[Start of section]

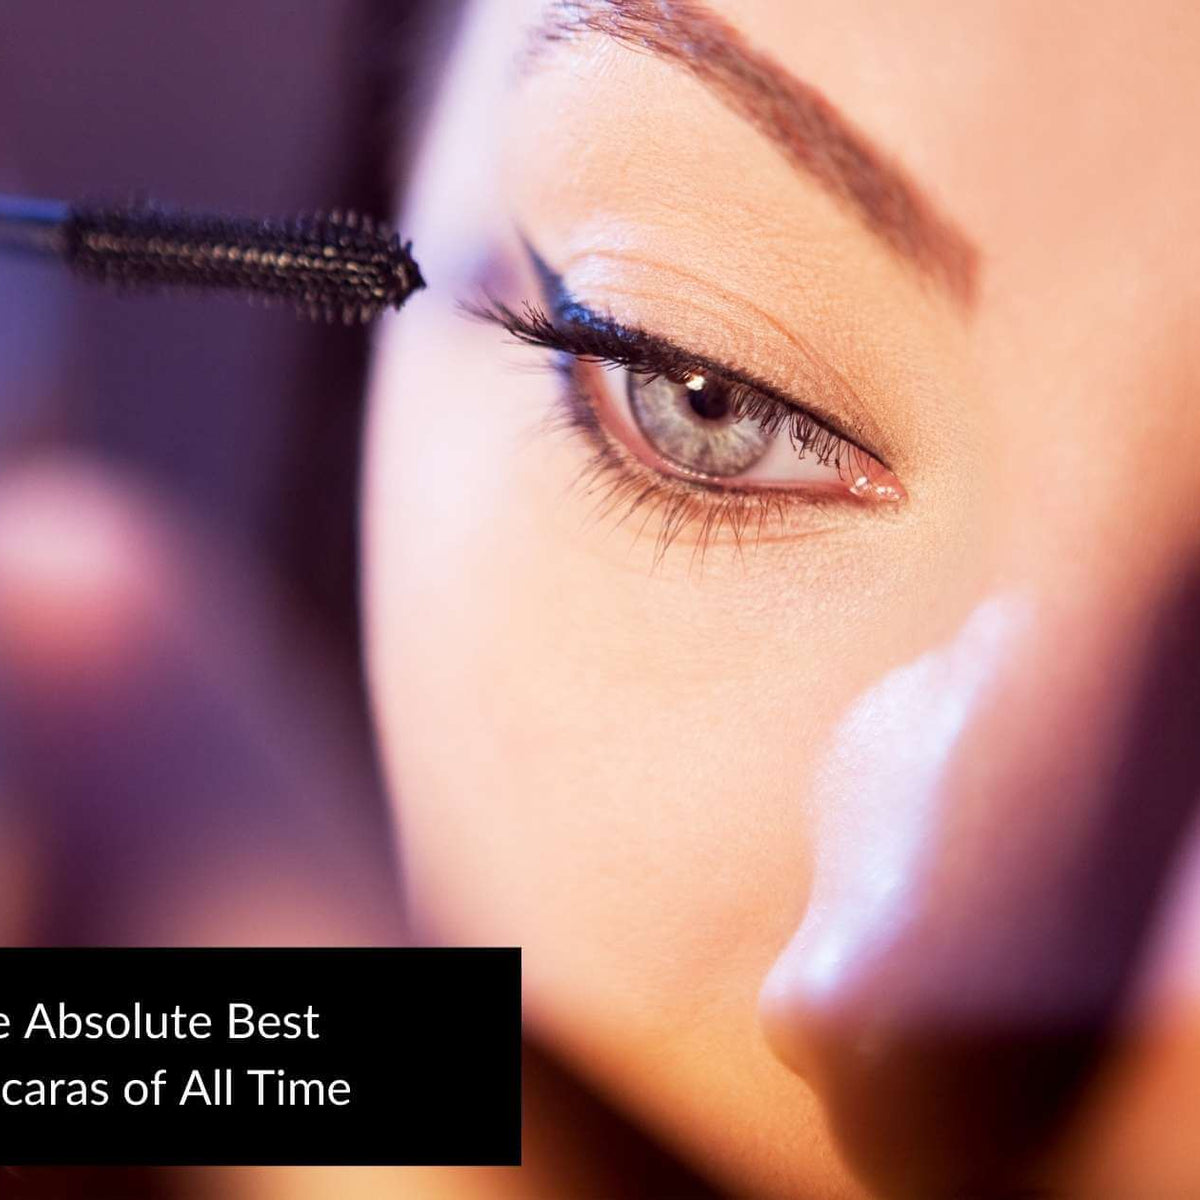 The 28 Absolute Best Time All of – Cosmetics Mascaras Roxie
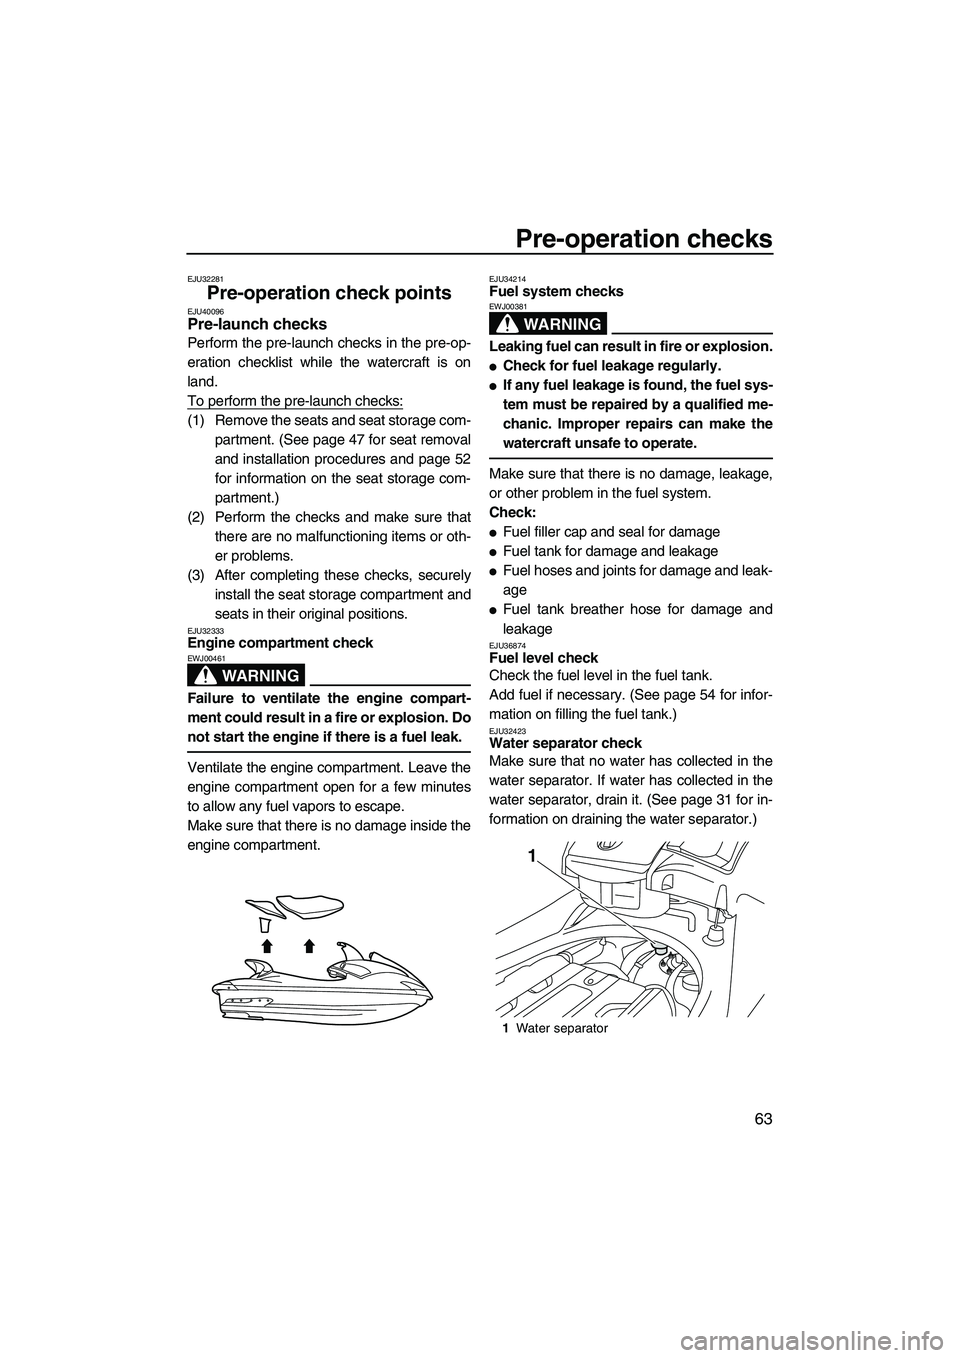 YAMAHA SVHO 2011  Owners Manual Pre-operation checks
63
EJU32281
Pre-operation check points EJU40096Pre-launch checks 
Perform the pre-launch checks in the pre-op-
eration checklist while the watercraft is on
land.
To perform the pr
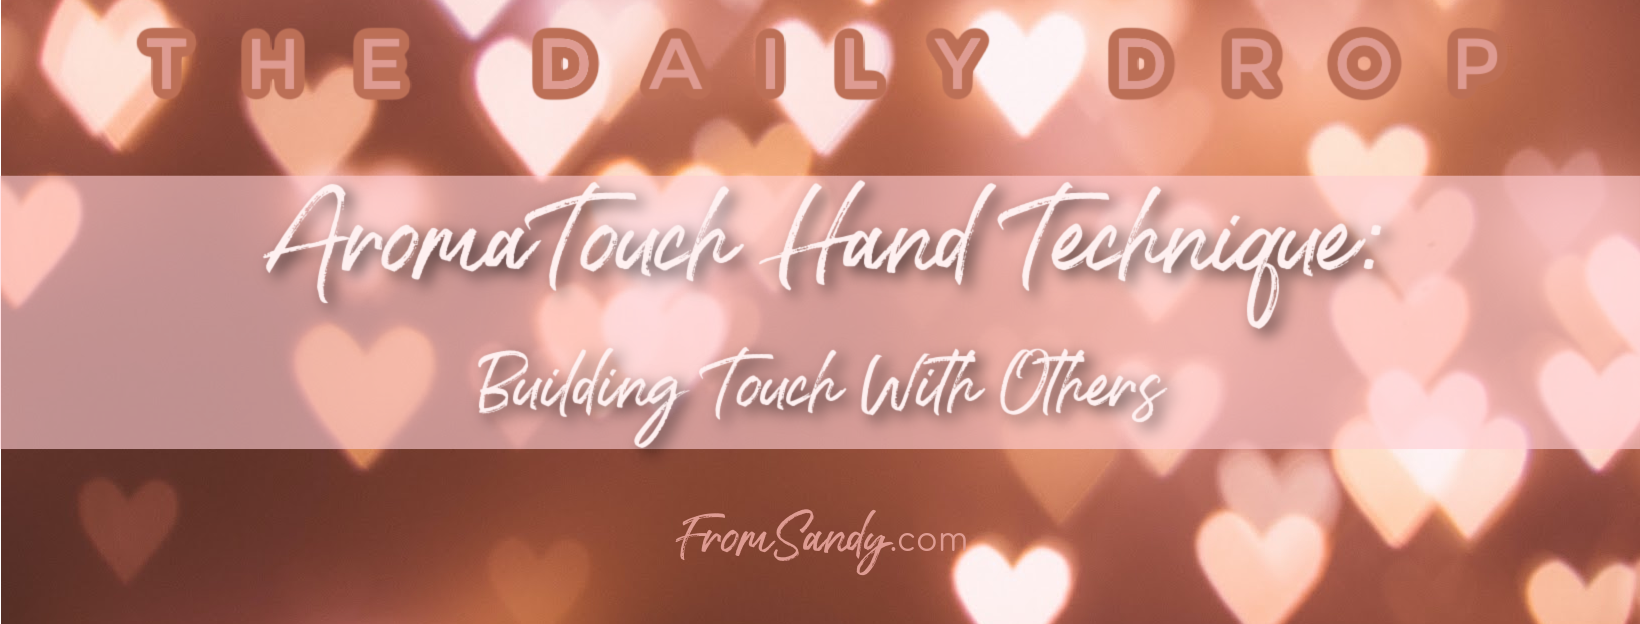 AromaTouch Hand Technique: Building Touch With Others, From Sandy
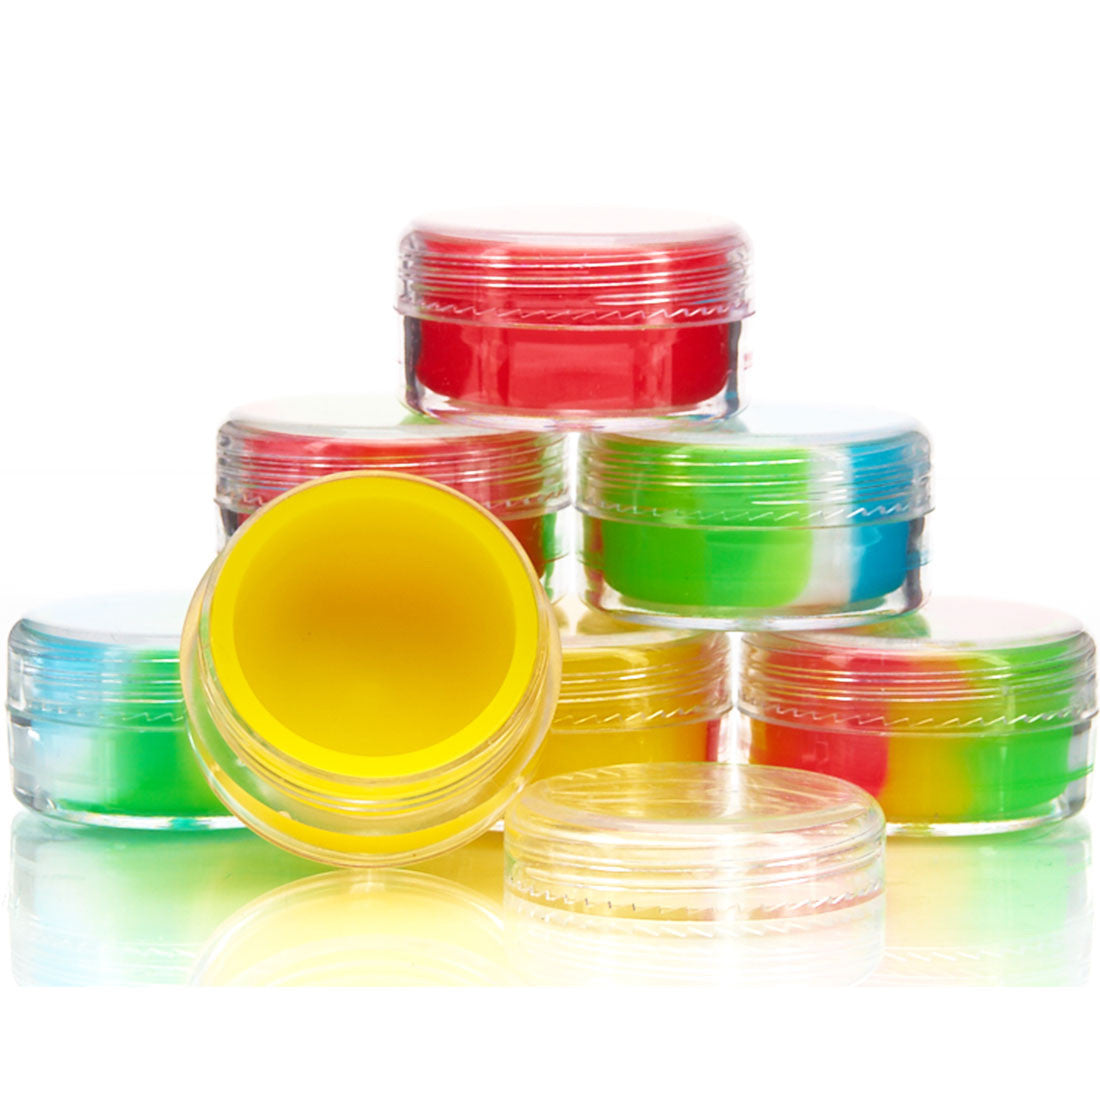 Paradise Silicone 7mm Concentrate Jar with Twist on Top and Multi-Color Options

[End of section]

_TO DO_
What the answer must hold: all the data above, given again exactly, without pictures.

_SOLVED PROBLEM_
 The 28 Absolute Best Time All of – Cosmetics Mascaras Roxie
 YAMAHA SVHO 2011  Owners Manual Pre-operation checks
63
EJU32281
Pre-operation check points EJU40096Pre-launch checks 
Perform the pre-launch checks in the pre-op-
eration checklist while the watercraft is on
land.
To perform the pr
 AromaTouch Hand Technique: Building Touch With Others, From Sandy
 Paradise Silicone 7mm Concentrate Jar with Twist on Top and Multi-Color Options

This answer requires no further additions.